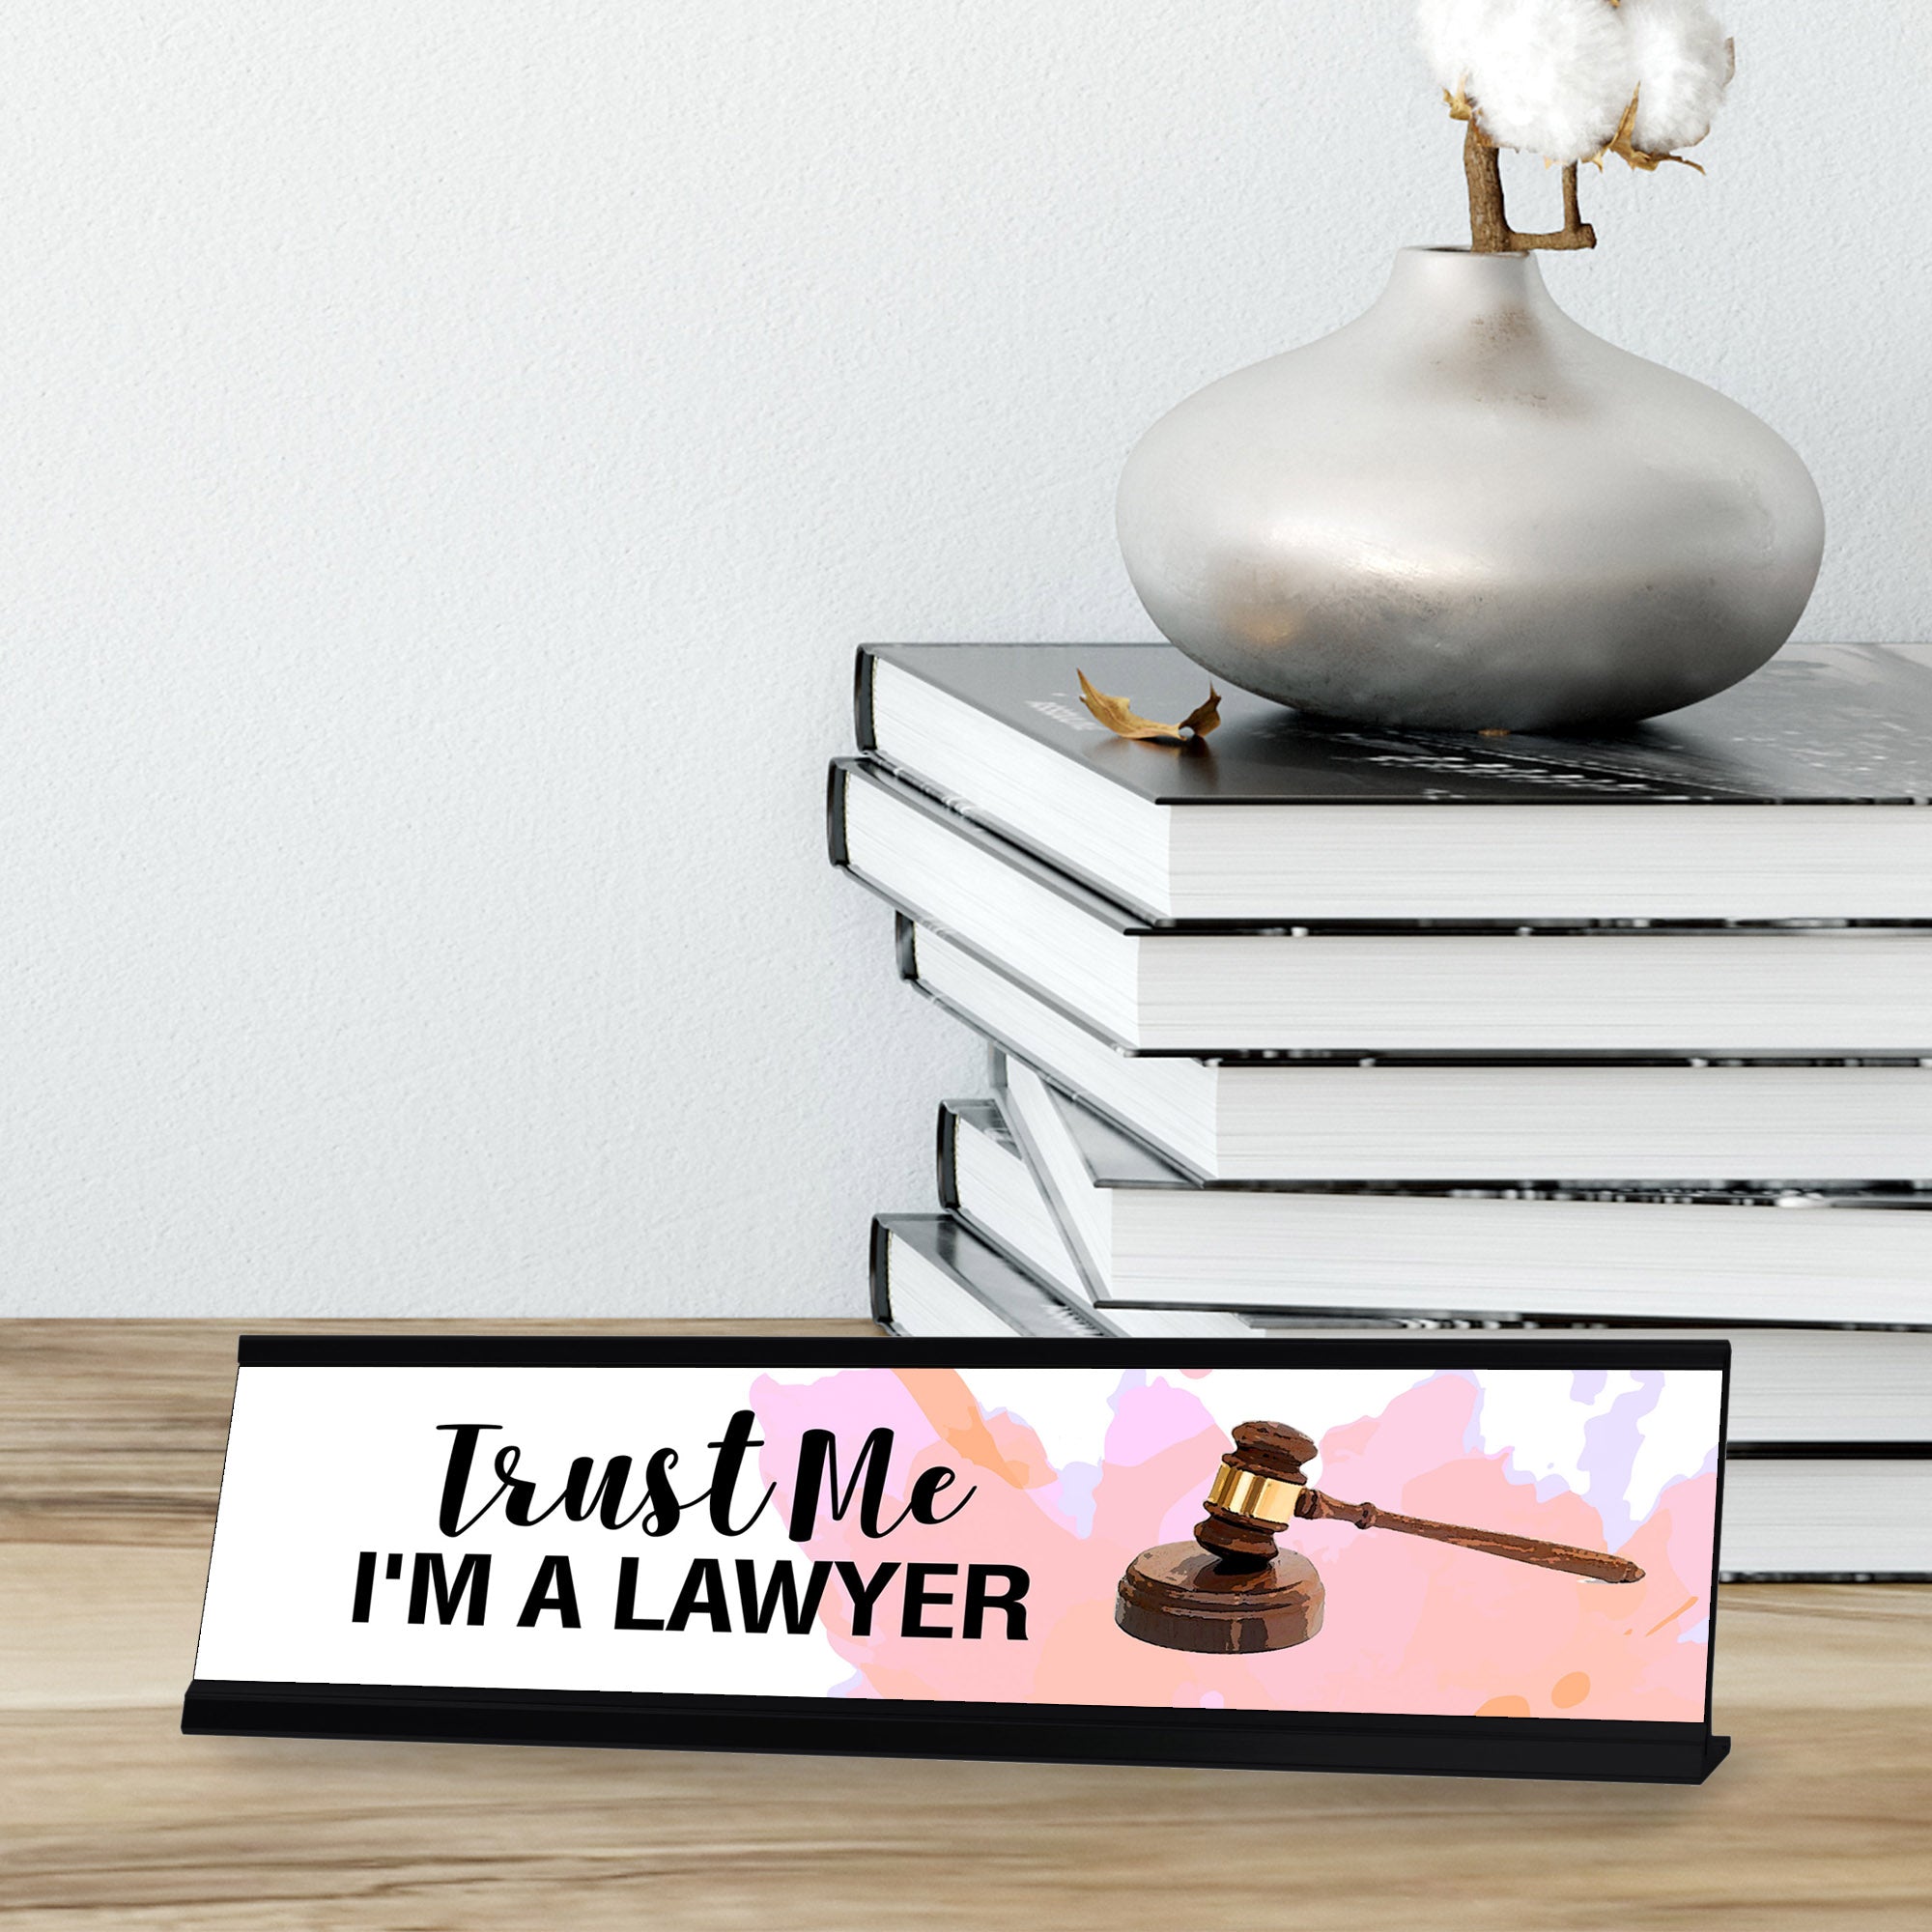 Trust Me I'm A Lawyer, Designer Series Desk Sign Novelty Nameplate (2 x 8")
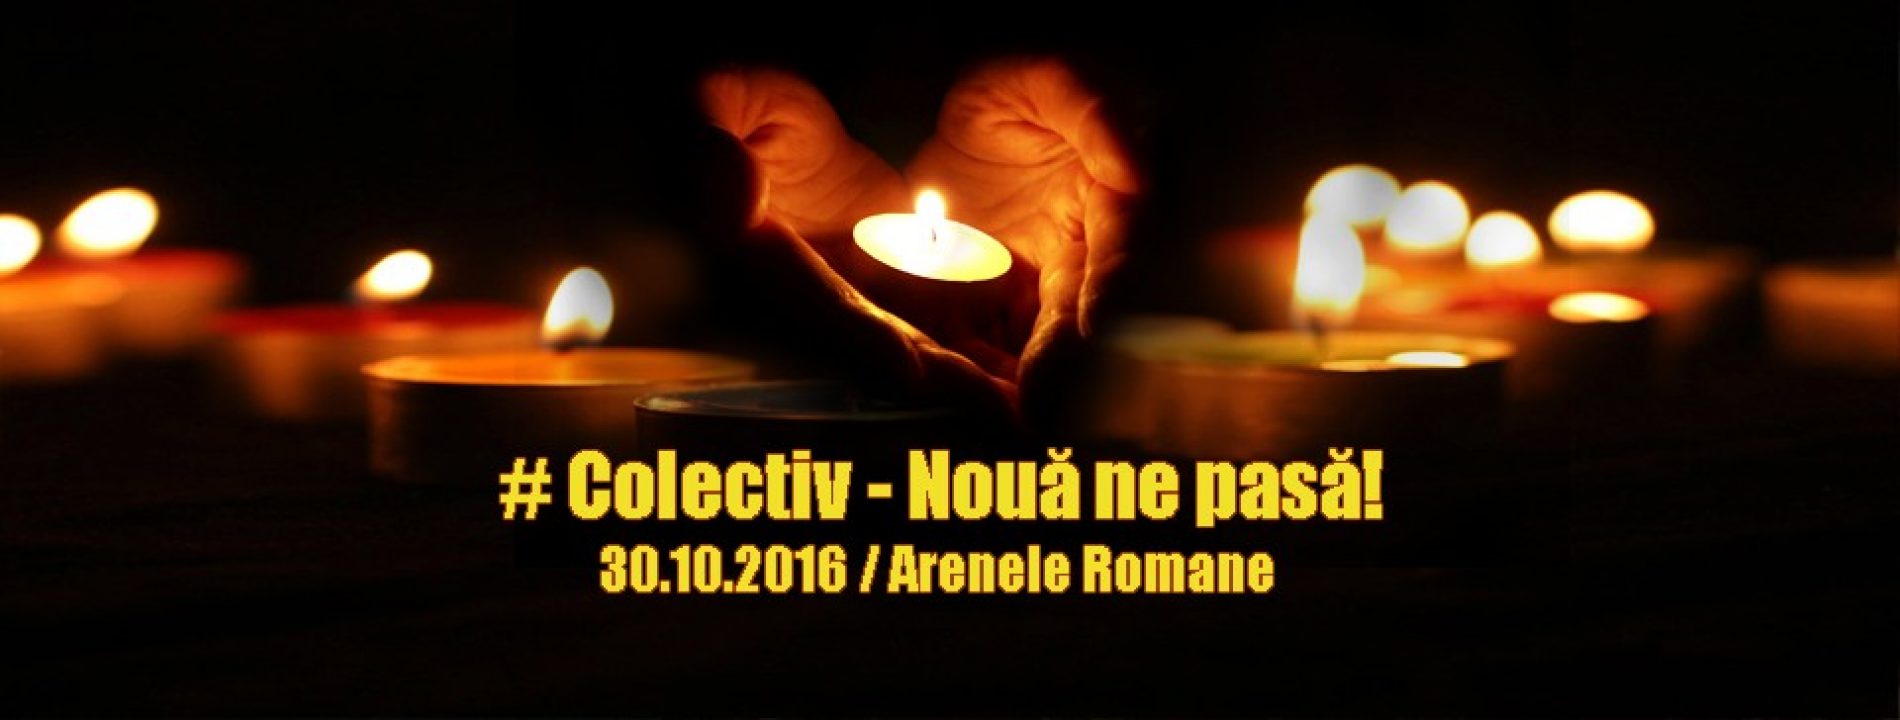 Colectiv – Noua ne pasa! (concert caritabil) pe 30 octombrie la Arenele Romane
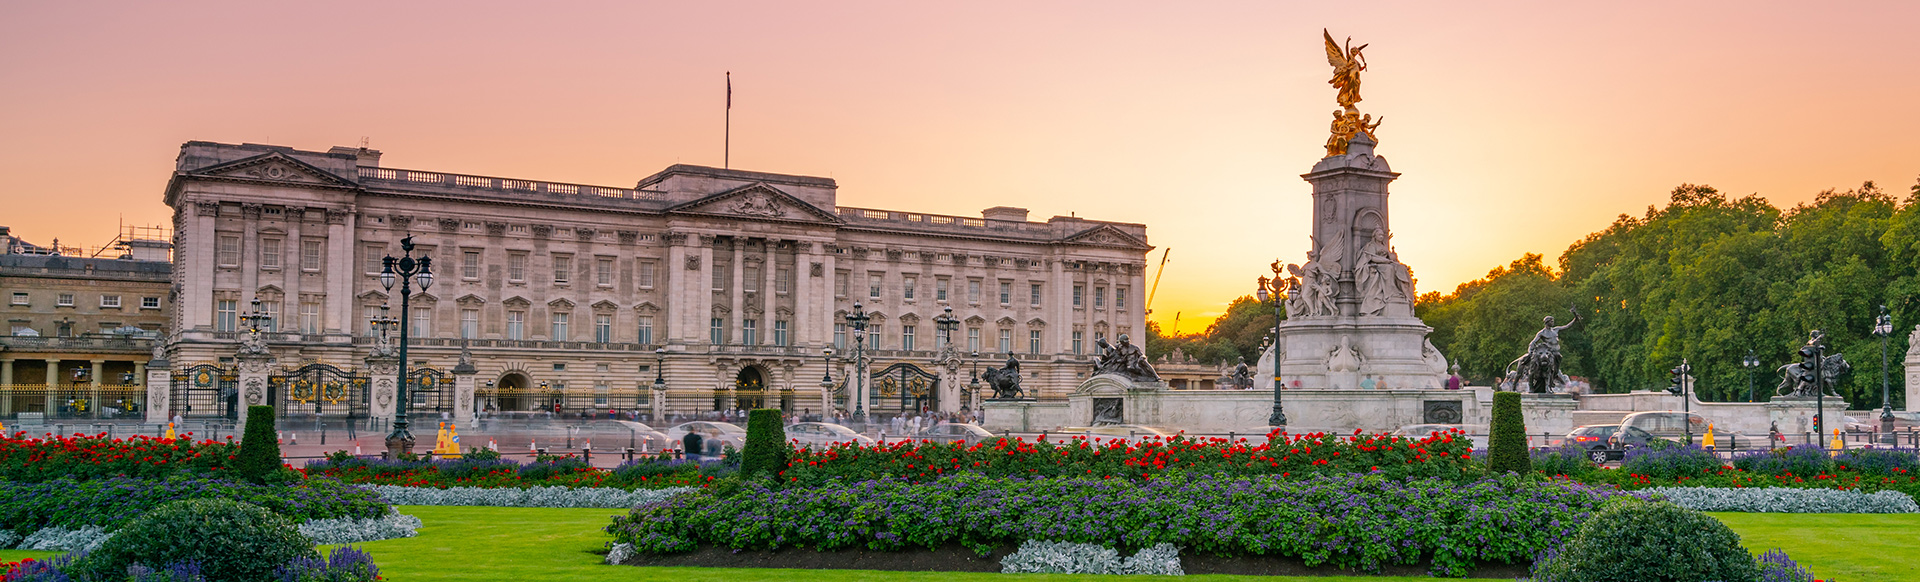 Le Palais de Buckingham et ses jardins par un coucher de soleil
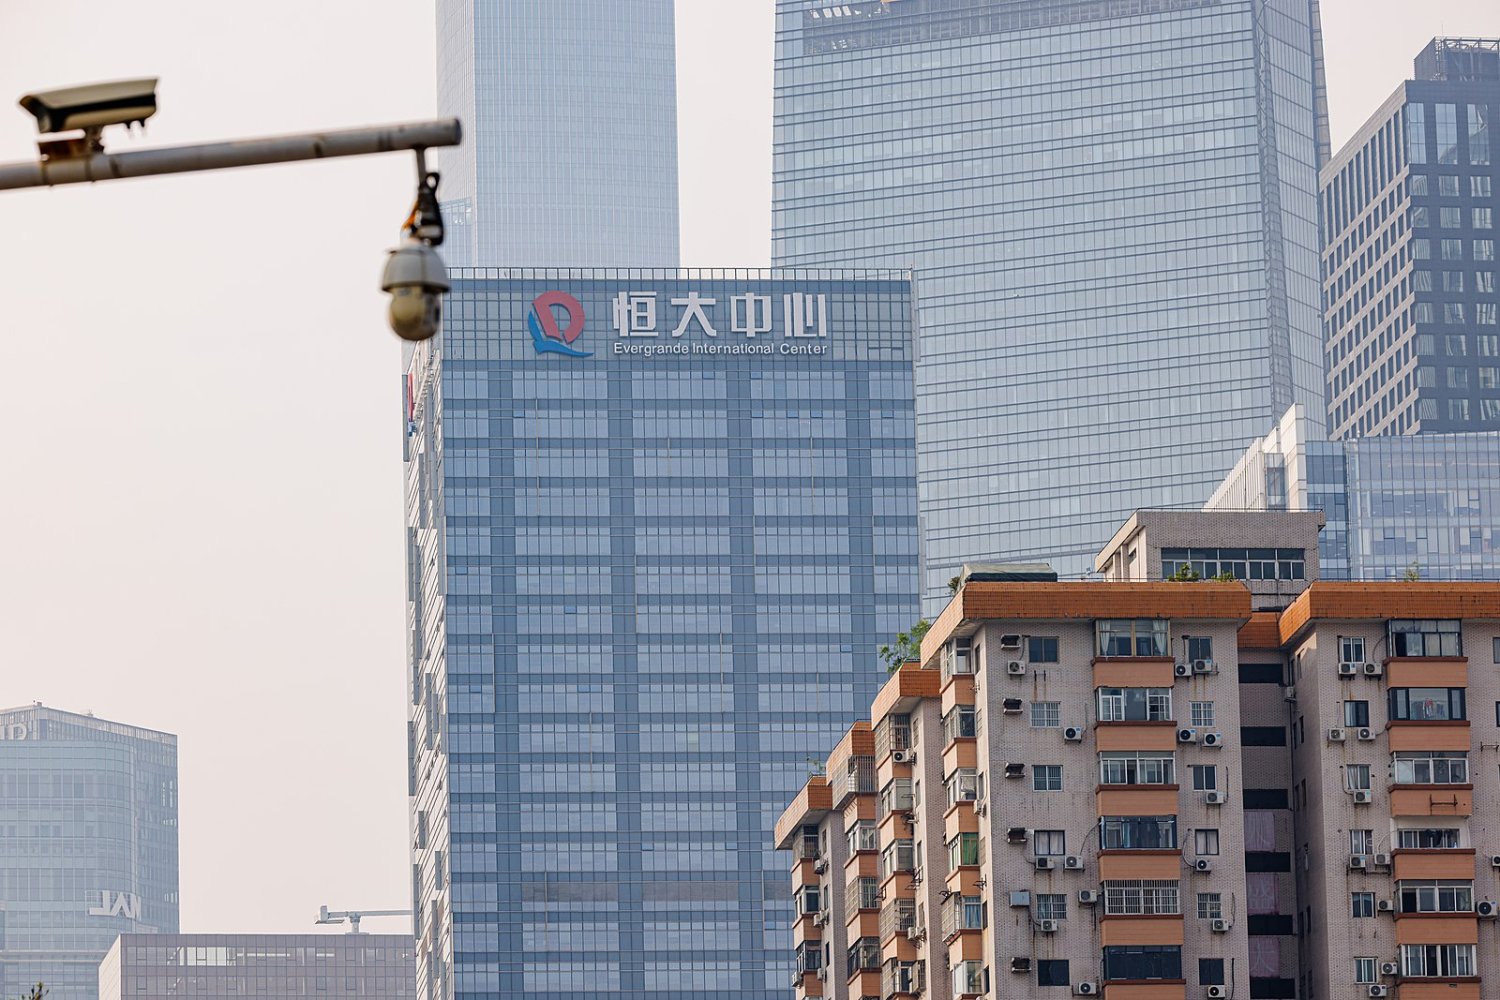 Evergrande placé en liquidation judiciaire : la crise de l'immobilier chinois s'aggrave encore

__WHAT YOU NEED TO DO__: All lines from the line with "Colectiv – Noua" through the final line of the listing are to be printed exactly, both ends included; the pictures are not.

__FINISHED TASK__:
 Colectiv – Noua ne pasa! (concert caritabil) pe 30 octombrie la Arenele Romane
 Le Palais de Buckingham et ses jardins par un coucher de soleil
 Evergrande placé en liquidation judiciaire : la crise de l'immobilier chinois s'aggrave encore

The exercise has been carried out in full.